Psychology professor to present on placebo effect in Germany

January 11, 2013 | News, Research, UToday, — Languages, Literature and Social Sciences
By Samantha Watson



When it comes to the medical treatment of patients, individual psychology and personality can have a huge effect on the response to a drug or therapy.

Geers

Dr. Andrew Geers, professor of psychology at The University of Toledo, has been invited to a conference in Tübingen, Germany, to talk about this phenomenon, called the placebo effect, in the treatment of patients.

The placebo effect is the psychological effect that patients themselves have on their treatment. Many studies have been performed where patients were given a drug that was actually a sugar pill, or placebo, and they reported feeling better because of the effect their psyche had on the treatment.

Geers said that placebo effects not only alter psychological experience, but also influence physiological and biological pathways in immune, endocrine and gastrointestinal systems.

He has studied this for 10 years and lately has focused his research on the effects a patient’s personality has on the placebo effect, and has found that nearly everyone experiences the placebo effect. However, each person is affected differently; for example, optimists tend to respond to improvements while pessimists focus more on the negative side effects a drug can have.

“A lot of the researchers at this conference are very interested in how their patients respond to different treatments and the placebo component of a treatment, so I think that’s something that they would like to hear more about,” Geers said.

He has attended general psychology conferences in the United States on multiple occasions. He first attended a conference aimed toward the placebo effect last summer in Switzerland, and this will be his first time visiting Germany.

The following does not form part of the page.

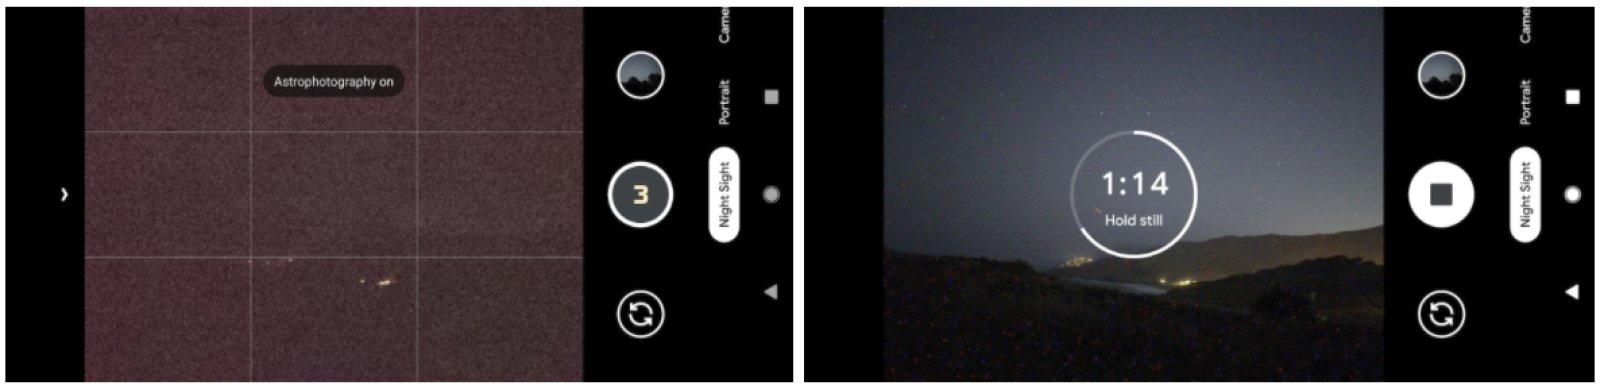 Pixel 4 Astrophotography Mode

“I know there are people coming from Australia for this conference, people from Canada, the U.S., all over Europe, people from China,” Geers said. “I’m very interested to see the perspectives and the data coming from all these different labs.”

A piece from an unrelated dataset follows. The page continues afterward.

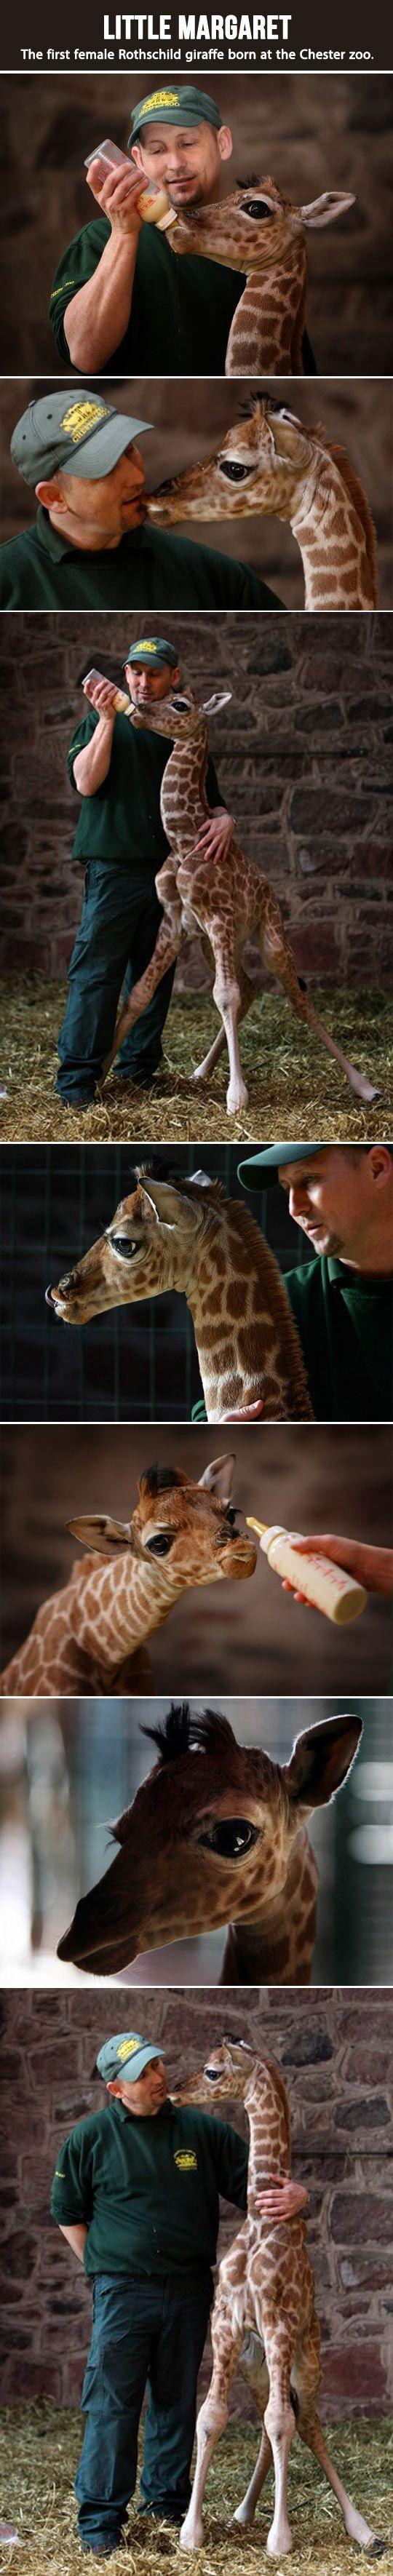 A baby giraffe called Margaret

The conference will be held from Wednesday, Jan. 23 to Friday, Jan. 25, and is titled “Progress in Our Understanding of the Psychobiological and Neurobiological Mechanisms of the Placebo and Nocebo Responses.”

Along with Geers, UT doctoral students Stephanie Fowler and Jill Brown will present research at the conference. Fowler will discuss “Placebo Effects in Pain Relief Treatments,” and Brown will present a poster on “Placebo Effects in Sleep Treatments.”